我靜靜聽着,心底那片屬于權謀和算計的凍土,似乎無形被溫熱的暖流浸潤松動。
在我作為左相嫡子與國公外孫的前十七年裏,所見所聞無不是錦繡堆砌的勾心鬥角,正如我此刻熟知朝堂的波詭雲谲,卻從未真正觸碰過這般直白得近乎殘酷的生存掙紮。
祝離玉前生歷經颠沛,看盡冷暖,本該變得圓滑世故,亦或滿懷怨怼。
可他卻依舊保有着撫琴唱戲的專注,有着此刻傾訴傷痛的坦誠,以及……那雙望向我,清澈中帶着心疼的雙眸。

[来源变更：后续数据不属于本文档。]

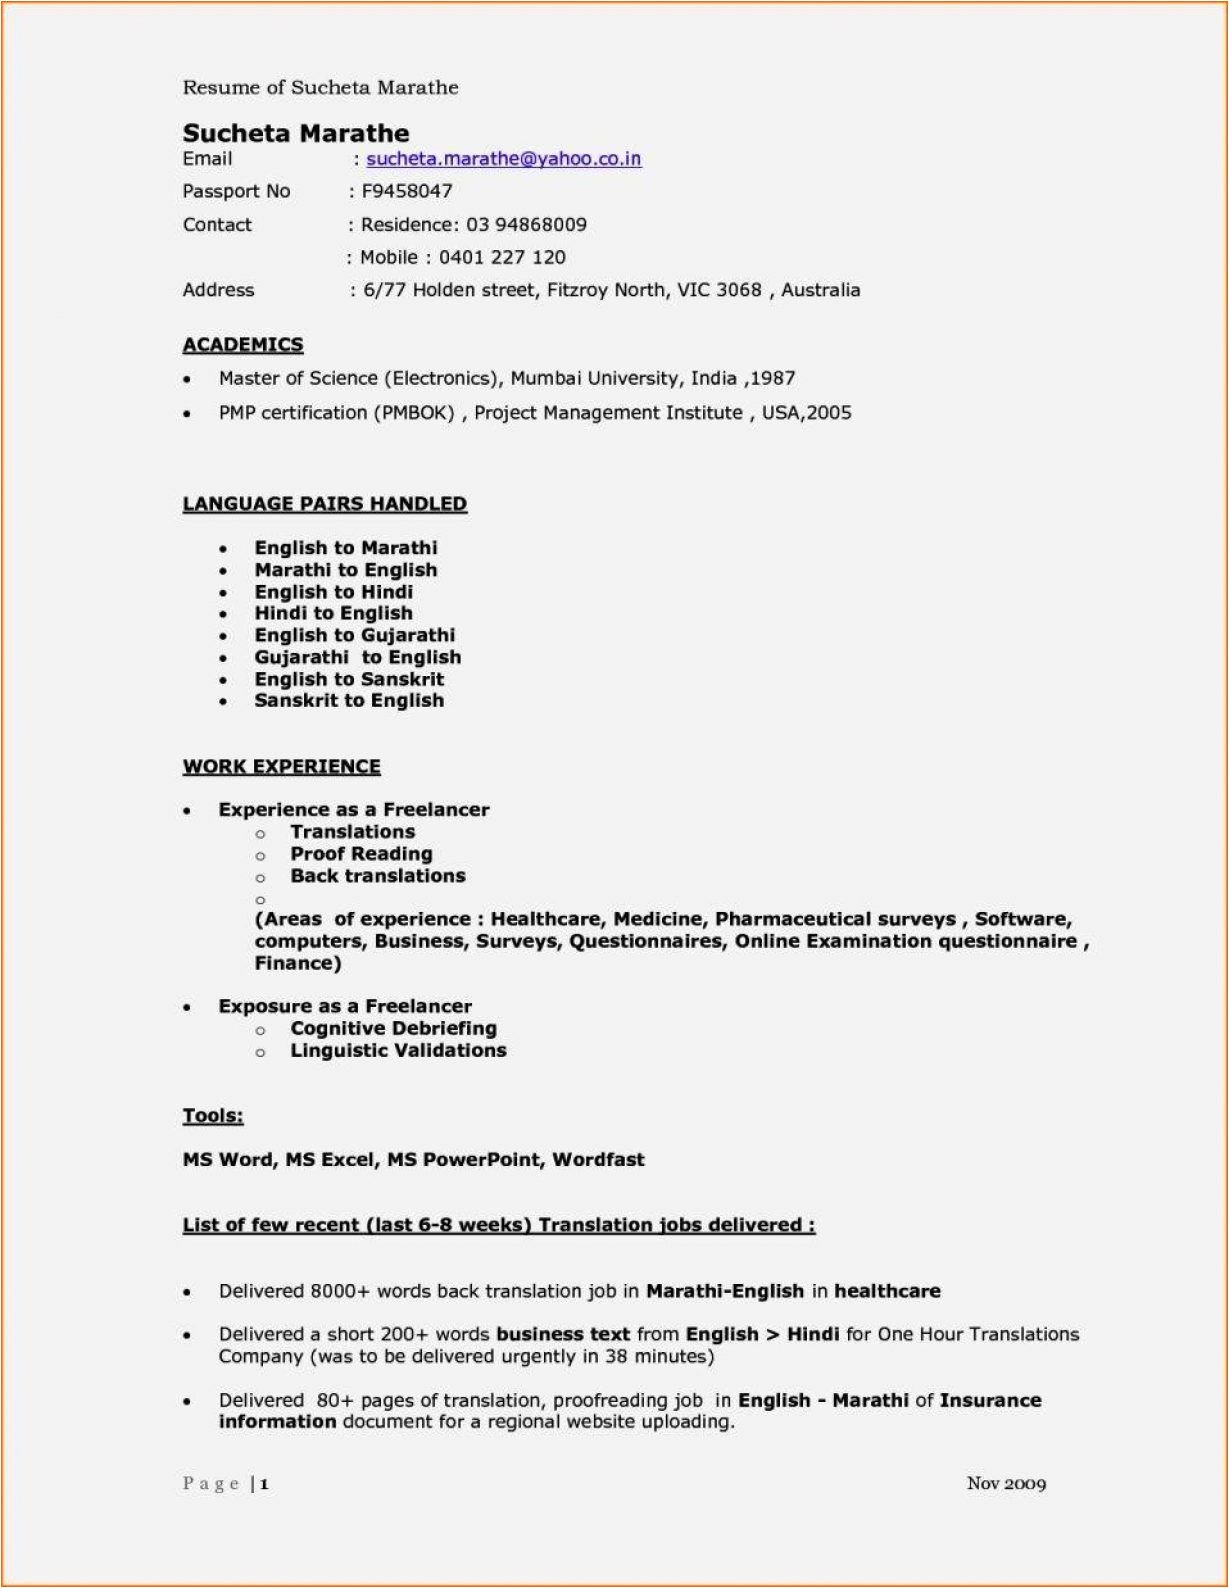 Basic Resume for A 16 Year Old

這份在泥濘中生長出來,卻未曾被污染的純粹,比任何玉器都更讓我珍重,也更讓我……心疼。
“阿玉……都過去了。”
我聽到自己的聲音響起,竟是許久未曾有過的溫柔。
我伸出手,輕輕覆在祝離玉的手背,他的指尖微涼,輕顫了一下,卻未曾躲開。
“以後,不會了。”
我望着他的顫動的眼眸,微微蹙眉沉聲道。
這句承諾,不僅是對他過往的撫慰,也是我此刻心底最真實的想法。
我想庇護他,教他永遠不再受那般苦楚。
祝離玉反手握住了我,力道輕柔,卻帶着不容錯辨的依賴。
“有公子這句話,”他低聲說着,眸中似有水光流轉,最終化作極暖的笑意,“阿玉便覺得,從前所有苦,都值得了。”
我們不再多言,只是靜靜地并肩躺于彼此身側,燭火偶爾發出輕微的響聲,直至燃燒殆盡。
經過這一夜,祝離玉在我心中的分量,已愈發不同。
那不僅僅是知音之誼,更多了一份沉重的憐惜與想要守護的責任。
這份日益加深的信任與牽絆,如同一根柔軟的絲線纏綿在心間,與那些冰冷的權謀交織在一起,讓未來變得愈發撲朔迷離,卻也……愈發鮮活起來。